Almost all Covid-19 cases in Aotearoa are now caused by the latest variant JN.1, according to the latest data, with an immunity expert saying it became the dominant strain "very rapidly".

Immunisation Advisory Centre founder Dr Nikki Turner says the strain most likely arrived in October.

"It's only got a small single change in the spike protein, so it's very similar to previous ones. It's just become more dominant very rapidly."

Nikki Turner address media about the Vaccine rollout

Dr Nikki Turner Photo: RNZ / Angus Dreaver

Dr Turner said the traditional vaccine was holding up well against the new strain, but an updated vaccine expected to arrive in a few weeks "closely matched" JN.1.

Medsafe approved Pfizer's application for an updated shot for the XBB.1.5 strain in December and it will be available in time for the upcoming winter season.

"American data is showing the vaccine looks highly effective to the strain, so that's very reassuring," Dr Turner said.

She said the new variant was slightly different to the previous one.

"We do have to remember about all vaccines with Covid, they're more effective against severe disease.

"So the vaccines are preventing a lot of severe disease."

Dr Turner said mild disease was expected, even after getting vaccinated.

"But the vaccines are having a very good effect against hospitalisation," she said.

She said the virus was spreading even though people had been spending a lot of time outside thanks to a warm summer.

"Even though we go outdoors, we do mix closely.

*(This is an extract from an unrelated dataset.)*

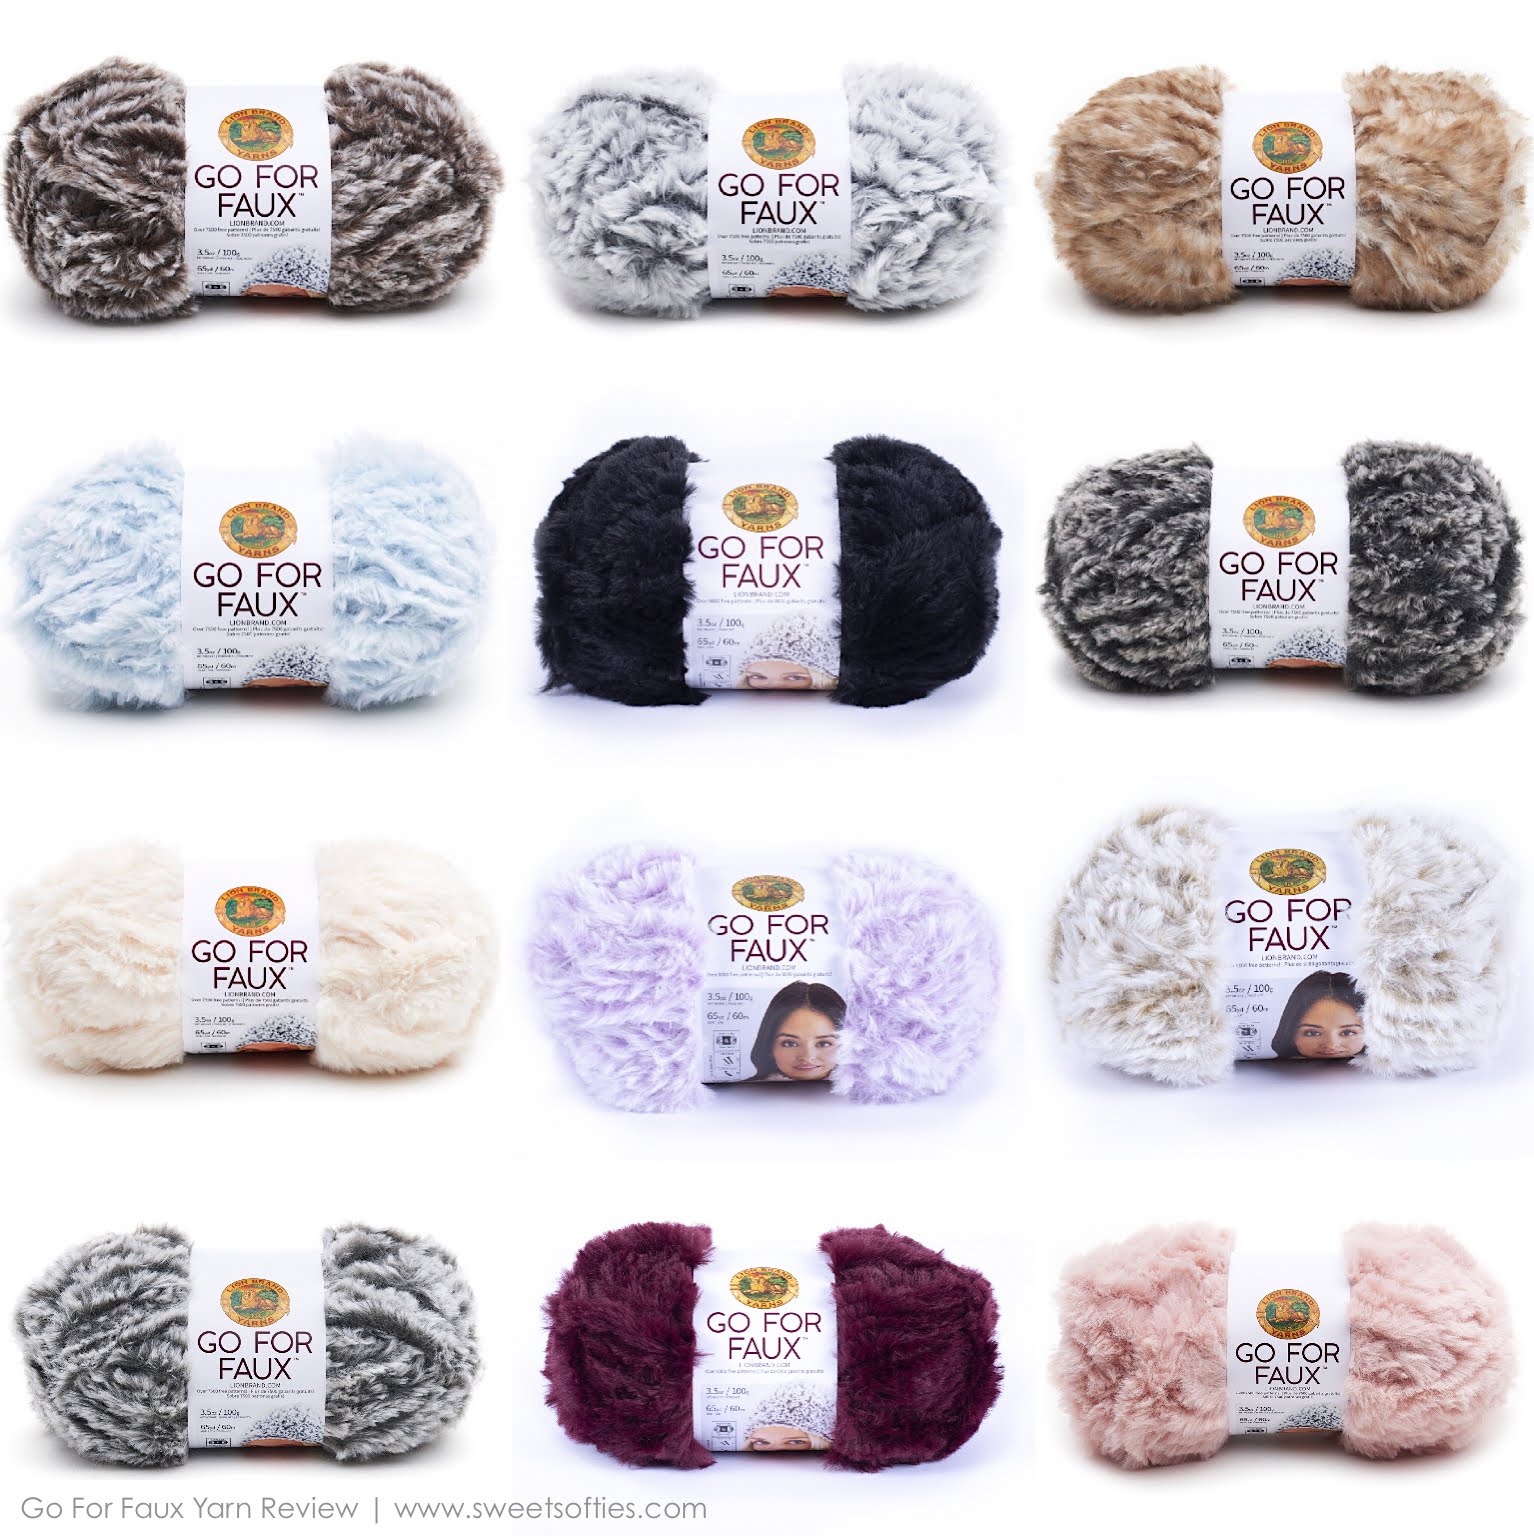 Free Crochet Patterns using Go For Faux Yarn - Sweet Softies

"We sit together in cars, we sit together and transport, we cuddle up in our barbecues and, you know, we hug.

"It's pretty easy to spread this little bug around."

Dr Turner said vaccines offered the best form of protection.

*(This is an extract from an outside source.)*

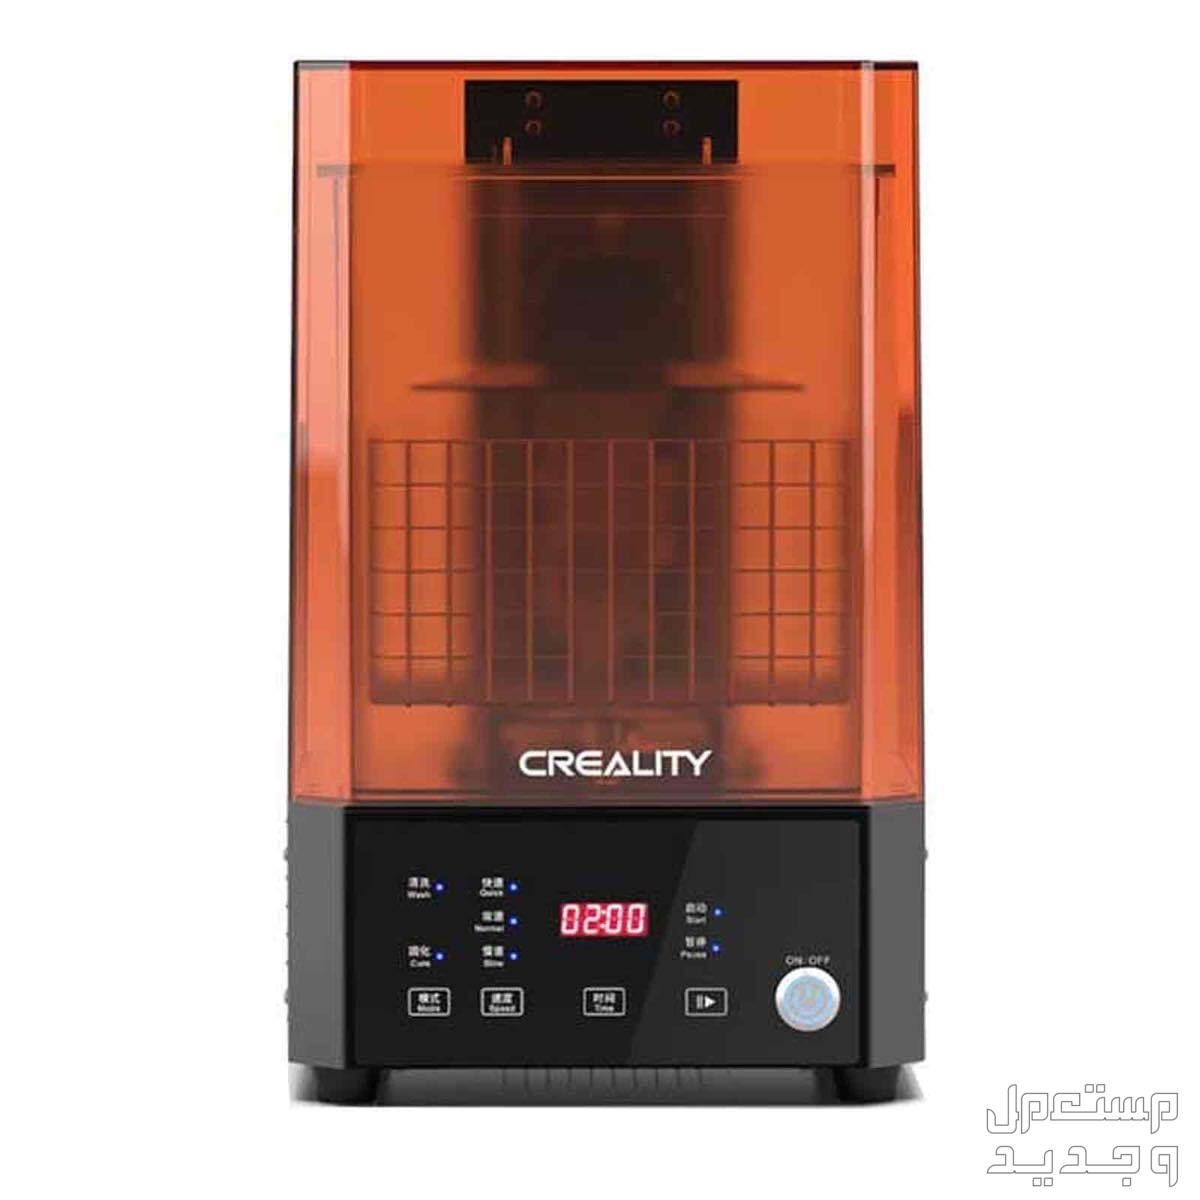 creality Halot 3D printer

"Particularly [for] people who at high risk, you really at this stage still need a vaccine every six months, six months since you had the disease or six months since you had a last vaccine."

The elderly, people with medical issues, those concerned about getting severe flu or Covid symptoms should not delay getting the vaccine, she said.

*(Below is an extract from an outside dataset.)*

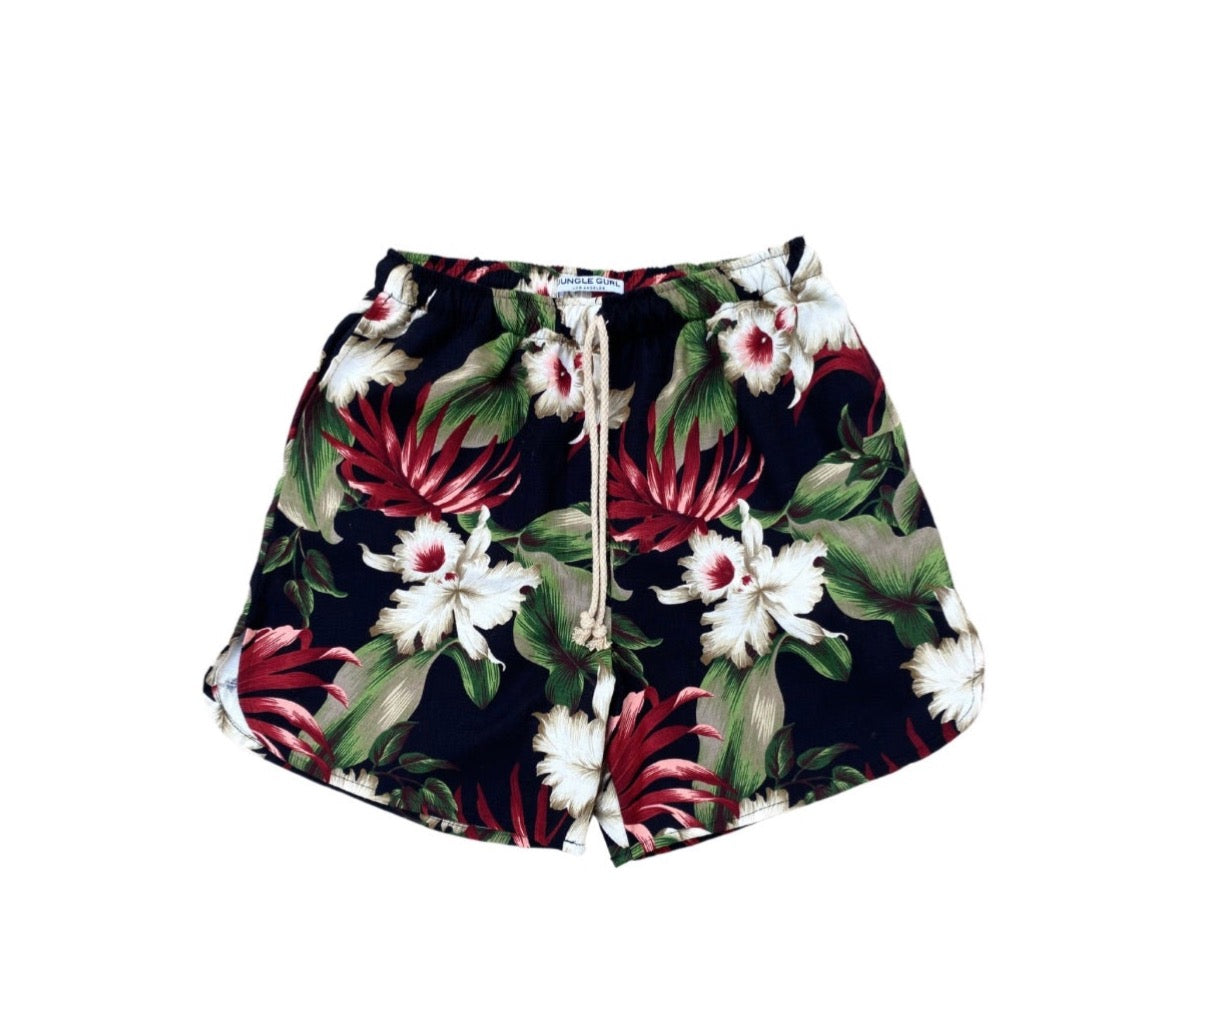 Fear of God Floral Shorts - Size Medium
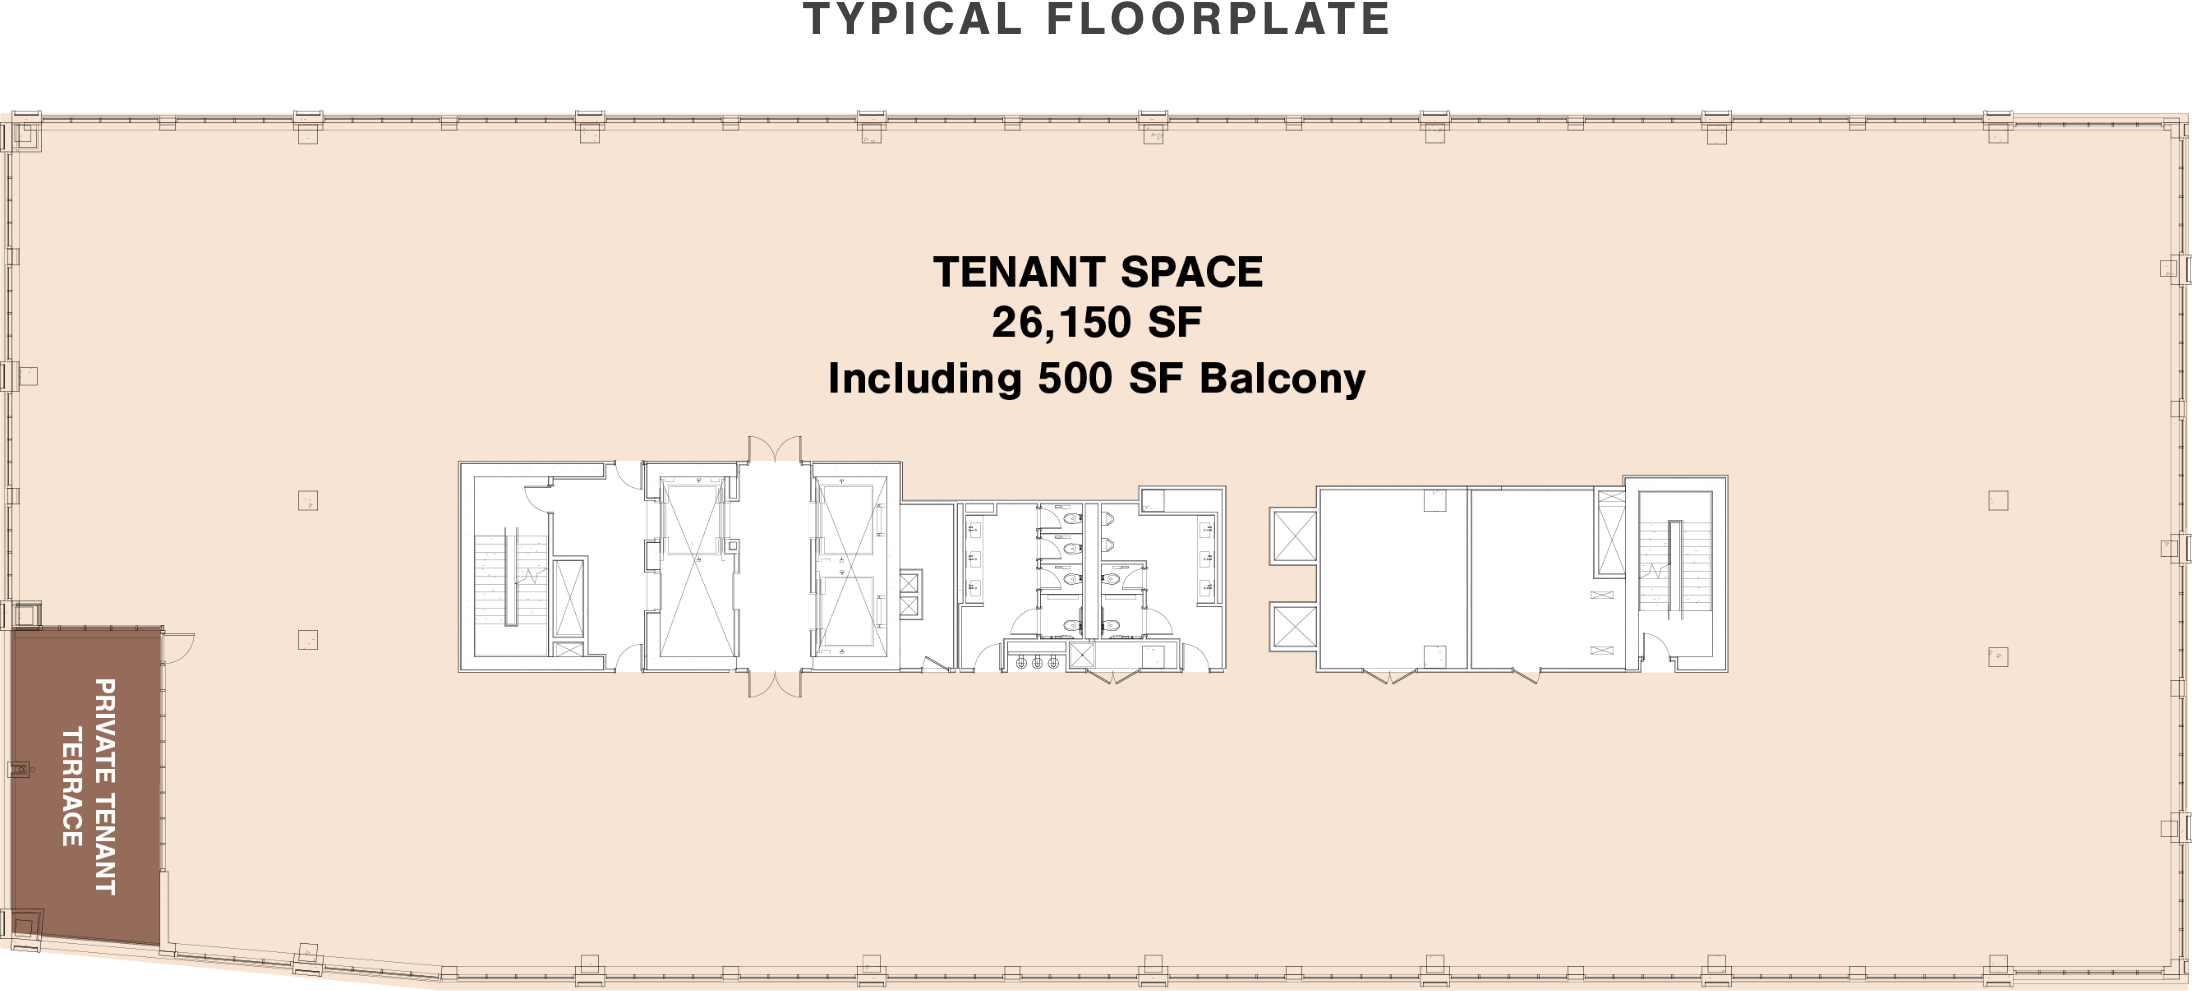 Typical Floorplate

But Covid was not the only virus we needed to worry about, she said.

"Flu is nasty and it kills."

She said most flu cases were in winter, but recently there had been some non-seasonal outbreaks.

The new flu vaccine would be available in March.

Dr Turner said it was essential people got it, especially because it was updated each year to match the variance.

She said it was safe to get the Covid and the flu vaccine together.

"There is data to show that they are both effective if you have them at the same time. And I'd suggest to many people prior to winter, think about having both of the vaccines at the same time."